Another low point in China's 19th century history came in 1900 when a group of rebels called the Boxers (a shortening of the Chinese name "Society of Righteous and Harmonious Fists") began attacking foreigners in Beijing, hoping to drive them out and restore the country's autonomy. The foreign empires all banded together and crushed the Boxers. When the Manchu government was implicated in supporting this rebellion, the last effective ruler, an old lady know as Cixi, the Dowager Empress, became a virtual prisoner in her palace within the Forbidden City. Only rivalries between the various European empires (and Japan, which was also taking its share of China's resources and territory) kept the Qing Dynasty from being completely swept away and China from being further dismembered.

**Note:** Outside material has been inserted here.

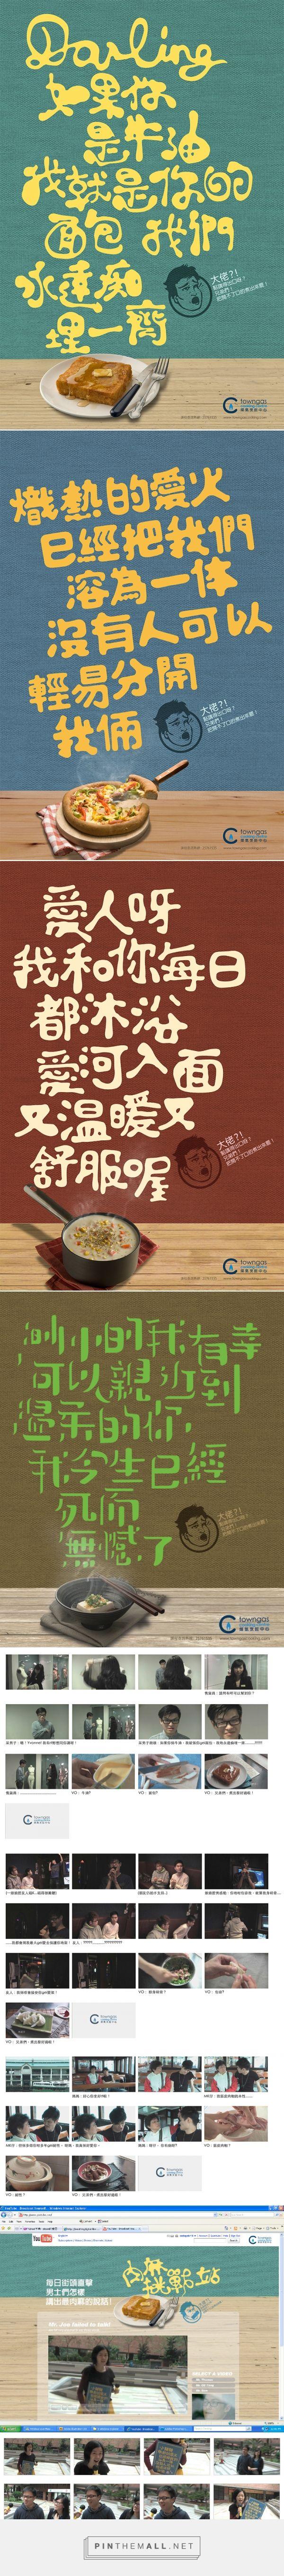 "Towngas Cooking Center - ""Hey men! Lets start cooking!"" on Behance   https://www.behance.net/gallery/26710269/Towngas-Cooking-Center-Hey-men-Lets-start-cooking - created via https://pinthemall.net"
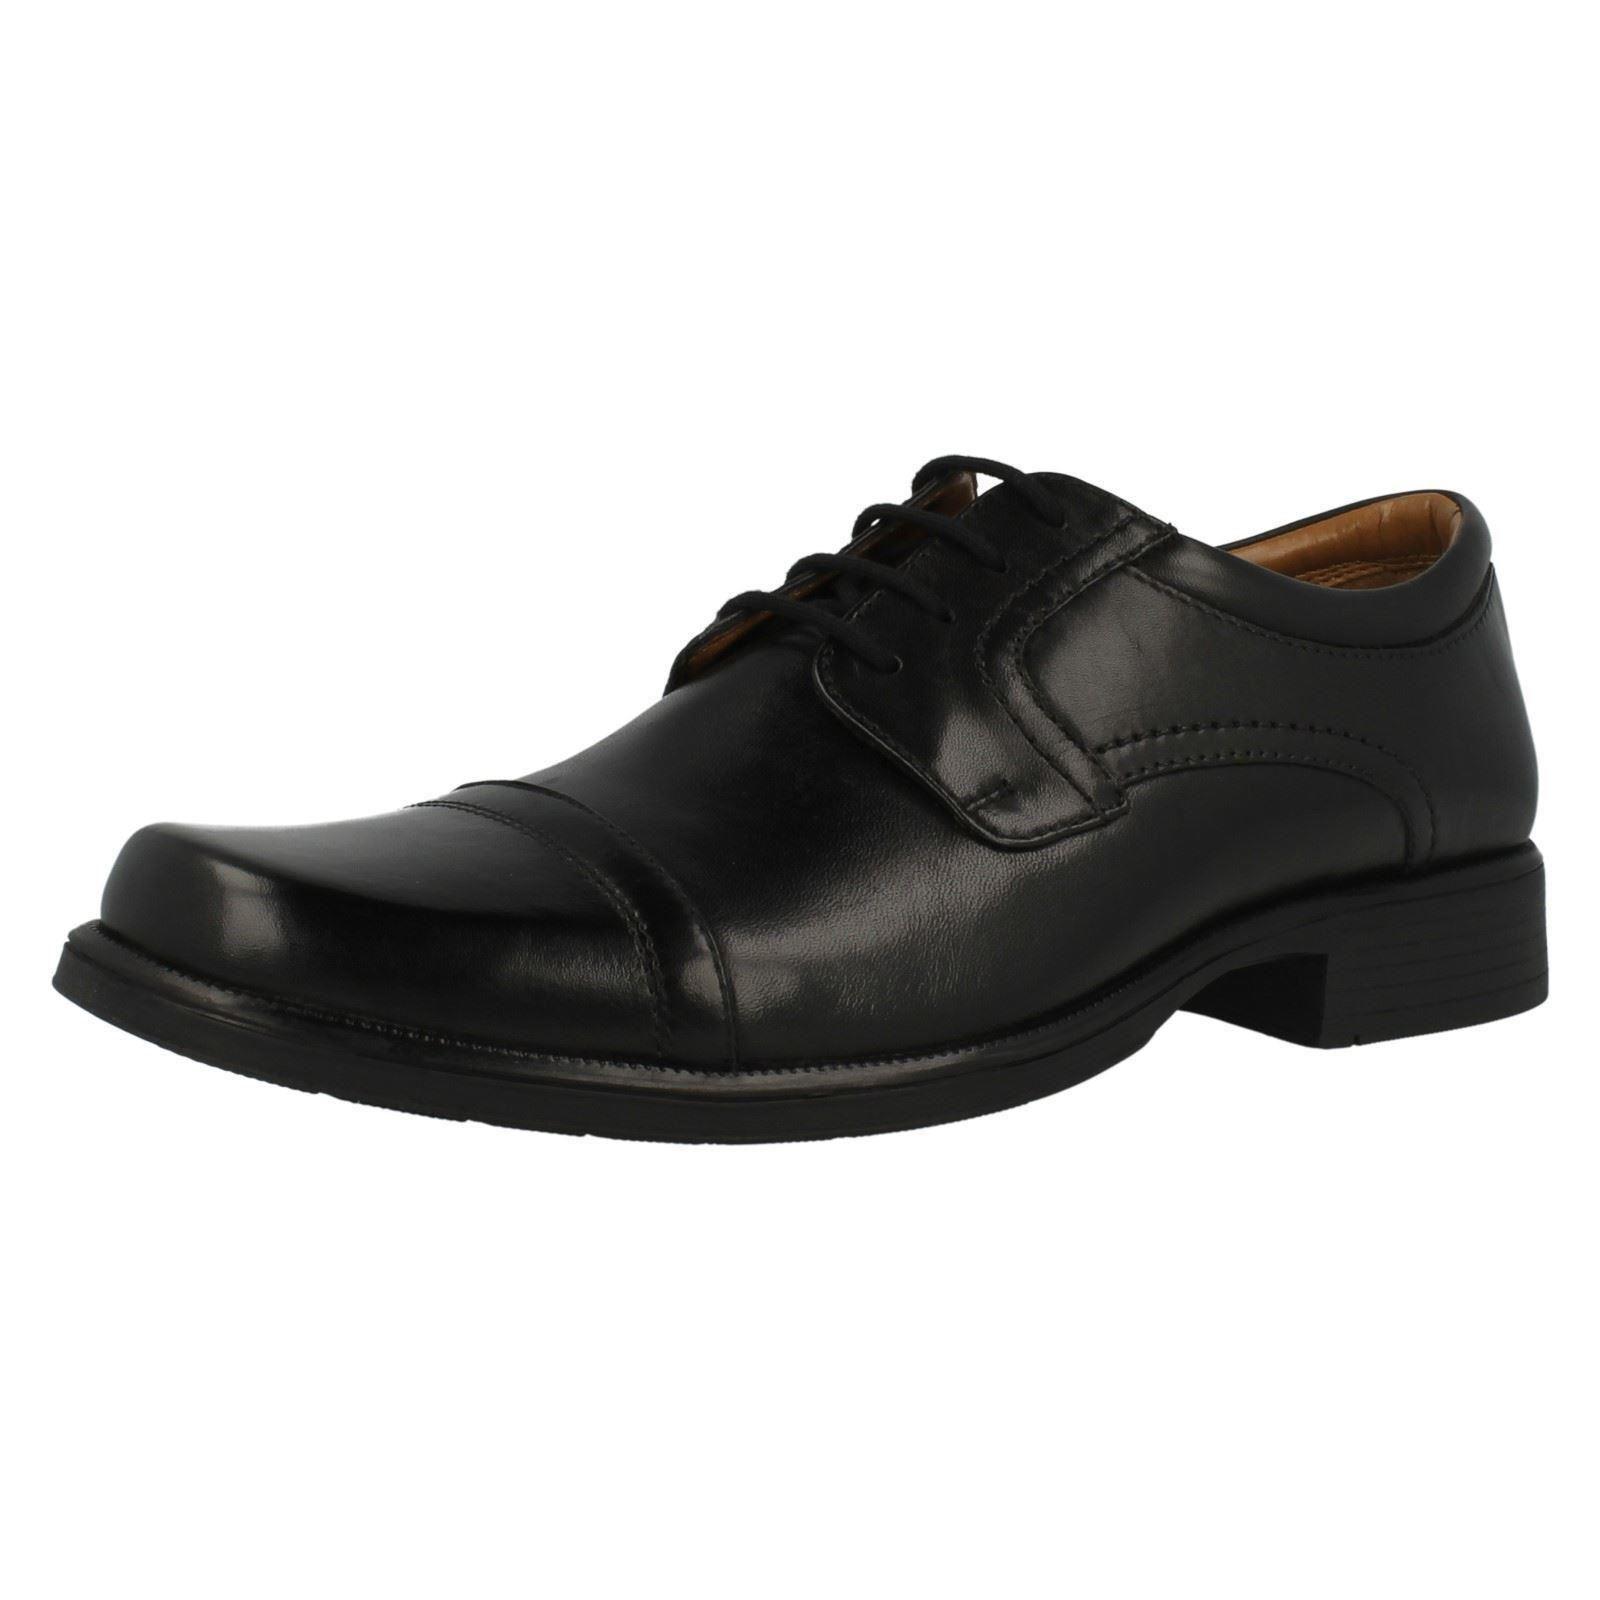 Herren Clarks Schwarz Leather Schuhe Harfe Kappe G Passform  | Rabatt

The end of the Qing came in 1911, after the Dowager Empress dies and the two-year old Pu-Yi, the Last Emperor, was deposed (I very much urge you to see the movie, "The Last Emperor"). China became a western-style republic, but the country soon fell apart into civil war and then an invasion from Japan. Only with the victory of Mao Zedong in 1949 was the territory of the late Qing Dynasty China reunited under a single strong government and it has remained that way to this day. By the 20th century, most Manchu had adopted Chinese language and culture so thoroughly that they connection with historic Manchuria was in memory only. Today, the historic territory of Manchuria is densely populated with Chinese farmers in the south and Russians in the north. The native peoples of this area, on both sides of the Amur-Ussuri river border are tiny minorities in danger of losing their traditional culture and languages.